The bylaws generally specify when and where the annual and special meetings are held. They also include who may call the meetings, how notice of meetings is to be delivered to shareholders, and how many shareholders or board members are needed to constitute a quorum. It also states whether actions made on behalf of the company may be made with or without a meeting.

Board of Directors

The board of directors is responsible for corporate oversight. The section establishes the number of directors that will serve on the board, how directors are nominated, how long each can serve, how they’re compensated, and other information related to their roles and responsibilities.

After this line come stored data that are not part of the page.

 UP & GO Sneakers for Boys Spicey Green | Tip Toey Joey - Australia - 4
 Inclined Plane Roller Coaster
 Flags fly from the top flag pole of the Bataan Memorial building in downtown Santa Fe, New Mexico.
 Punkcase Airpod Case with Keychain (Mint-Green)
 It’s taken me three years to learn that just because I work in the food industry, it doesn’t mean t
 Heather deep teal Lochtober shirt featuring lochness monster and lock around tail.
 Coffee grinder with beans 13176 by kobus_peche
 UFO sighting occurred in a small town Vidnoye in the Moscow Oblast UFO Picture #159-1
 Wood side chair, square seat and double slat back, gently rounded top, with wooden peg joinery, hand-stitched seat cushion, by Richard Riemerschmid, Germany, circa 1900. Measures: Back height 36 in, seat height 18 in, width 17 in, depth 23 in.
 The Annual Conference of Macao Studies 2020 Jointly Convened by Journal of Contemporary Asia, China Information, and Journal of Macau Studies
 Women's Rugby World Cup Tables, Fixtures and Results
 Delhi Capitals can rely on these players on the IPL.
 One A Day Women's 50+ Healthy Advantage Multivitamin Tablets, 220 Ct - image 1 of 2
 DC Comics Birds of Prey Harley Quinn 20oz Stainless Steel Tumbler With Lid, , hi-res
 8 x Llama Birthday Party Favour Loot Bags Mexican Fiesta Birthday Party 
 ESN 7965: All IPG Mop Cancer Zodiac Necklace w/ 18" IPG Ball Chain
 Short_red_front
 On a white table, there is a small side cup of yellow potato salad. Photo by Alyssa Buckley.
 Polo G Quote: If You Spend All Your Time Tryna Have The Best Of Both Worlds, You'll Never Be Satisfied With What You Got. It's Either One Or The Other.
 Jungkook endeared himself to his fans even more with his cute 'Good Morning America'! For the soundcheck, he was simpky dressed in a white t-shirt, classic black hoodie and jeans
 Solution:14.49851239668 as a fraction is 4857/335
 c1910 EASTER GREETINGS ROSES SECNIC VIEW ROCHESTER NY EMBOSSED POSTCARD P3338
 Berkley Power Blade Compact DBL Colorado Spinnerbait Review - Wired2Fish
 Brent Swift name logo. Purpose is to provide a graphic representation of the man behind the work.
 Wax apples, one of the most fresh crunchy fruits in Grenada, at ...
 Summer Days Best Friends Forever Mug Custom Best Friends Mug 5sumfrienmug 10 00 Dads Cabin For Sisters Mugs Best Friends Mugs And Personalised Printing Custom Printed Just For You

Also included can be information on committees, which are smaller groups of directors that focus on specific tasks or topics. Some agreements include a standalone “committees” section.

Officers

The officers of a company are the top-level employees responsible for managing the day-to-day operations and ensuring their respective teams remain focused and meet deadlines. Typical officer roles include the following positions:

  • President
  • Chairperson
  • Treasurer
  • Secretary

The “officers” clause will establish how they are elected, the initial roles that will be created, and the roles and responsibilities of each officer.

Stock Certificates

Bylaws often state whether the corporation will issue shares with or without certificates. The corporation will be required to give the shareholders a written statement of what is required by law to be on a certificate if none are issued.

Indemnification

An indemnification clause addresses when directors and officers are protected from liability that may occur due to their association with the corporation. Where the bylaws indemnify the directors/officers, the corporation would then pay for certain expenses on their behalf, such as legal fees.

Amendments

The document will provide the requirements for how it can be amended. Often, a percentage vote from shareholders and the board of directors is required.

Dissolution

The bylaws include a section that sets out the events that must occur in order for the corporation to be dissolved. Dissolution is often determined by a vote by the shareholders and/or the directors.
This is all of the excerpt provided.